How to implement insert using foldr in haskell. I tried:
insert'' :: Ord a => a -> [a] -> [a]
insert'' e xs = foldr (\x -> \y -> if x<y then x:y else y:x) [e] xs
No dice. I have to insert element e in list so that it goes before first element that is larger or equal to it.
Example:
insert'' 2.5 [1,2,3] => [1.0,2.0,2.5,3.0]
insert'' 2.5 [3,2,1] => [2.5,3.0,2.0,1.0]
insert'' 2 [1,2,1] => [1,2,2,1]
In last example first 2 is inserted one.
EDIT: Thanks @Lee.
I have this now:
insert'' :: Ord a => a -> [a] -> [a]
insert'' e xs = insert2 e (reverse xs)
insert2 e = reverse . snd . foldr (\i (done, l) -> if (done == False) && (vj e i) then (True, e:i:l) else (done, i:l)) (False, [])
where vj e i = e<=i
But for this is not working:
insert'' 2 [1,3,2,3,3] => [1,3,2,2,3,3]
insert'' 2 [1,3,3,4] => [1,3,2,3,4]
insert'' 2 [4,3,2,1] => [4,2,3,2,1]
SOLUTION:
insert'' :: Ord a => a -> [a] -> [a]
insert'' x xs = foldr pom poc xs False
where
pom y f je
| je || x > y = y : f je
| otherwise = x : y : f True
poc True = []
poc _ = [x]
Thanks @Pedro Rodrigues (It just nedded to change x>=y to x>y.)

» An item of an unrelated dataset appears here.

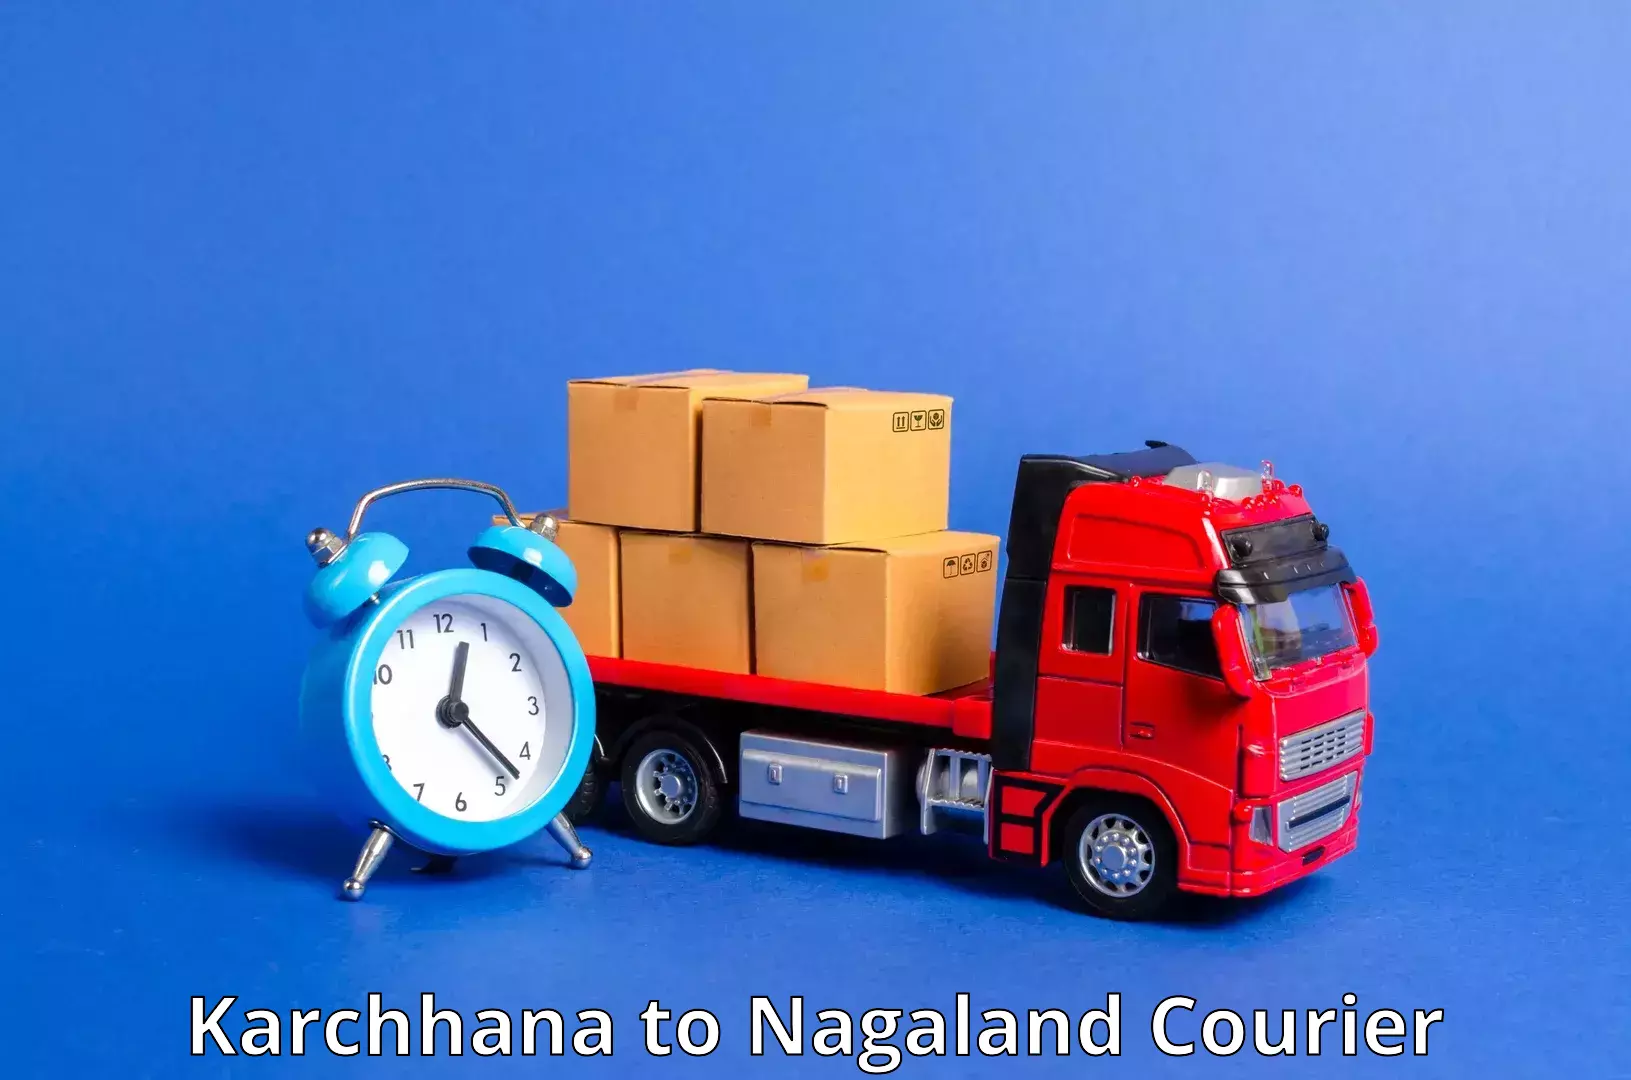 Reliable parcel services Karchhana to Dimapur
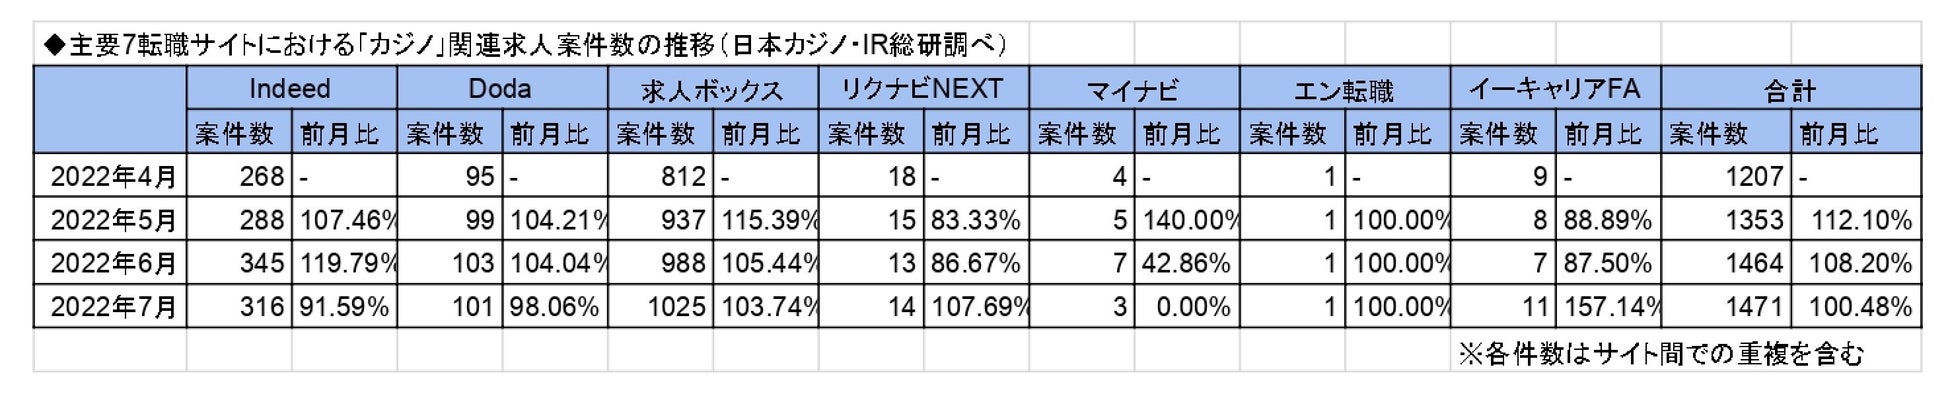 「カジノ」「統合型リゾート」に関する求人の最新調査(2022年7月版)を公表-日本カジノ・IR

(How to mark this as answered?)
Here's my take at it:
insert :: Ord a => a -> [a] -> [a]
insert x xs = foldr aux initial xs False
where
aux y f done
| done || x > y = y : f done
| otherwise = x : y : f True
initial True = []
initial _ = [x]
However IMHO using foldr
is not the best fit for this problem, and for me the following solution is easier to understand:
insert :: Int -> [Int] -> [Int]
insert x [] = [x]
insert x z@(y : ys)
| x <= y = x : z
| otherwise = y : insert x ys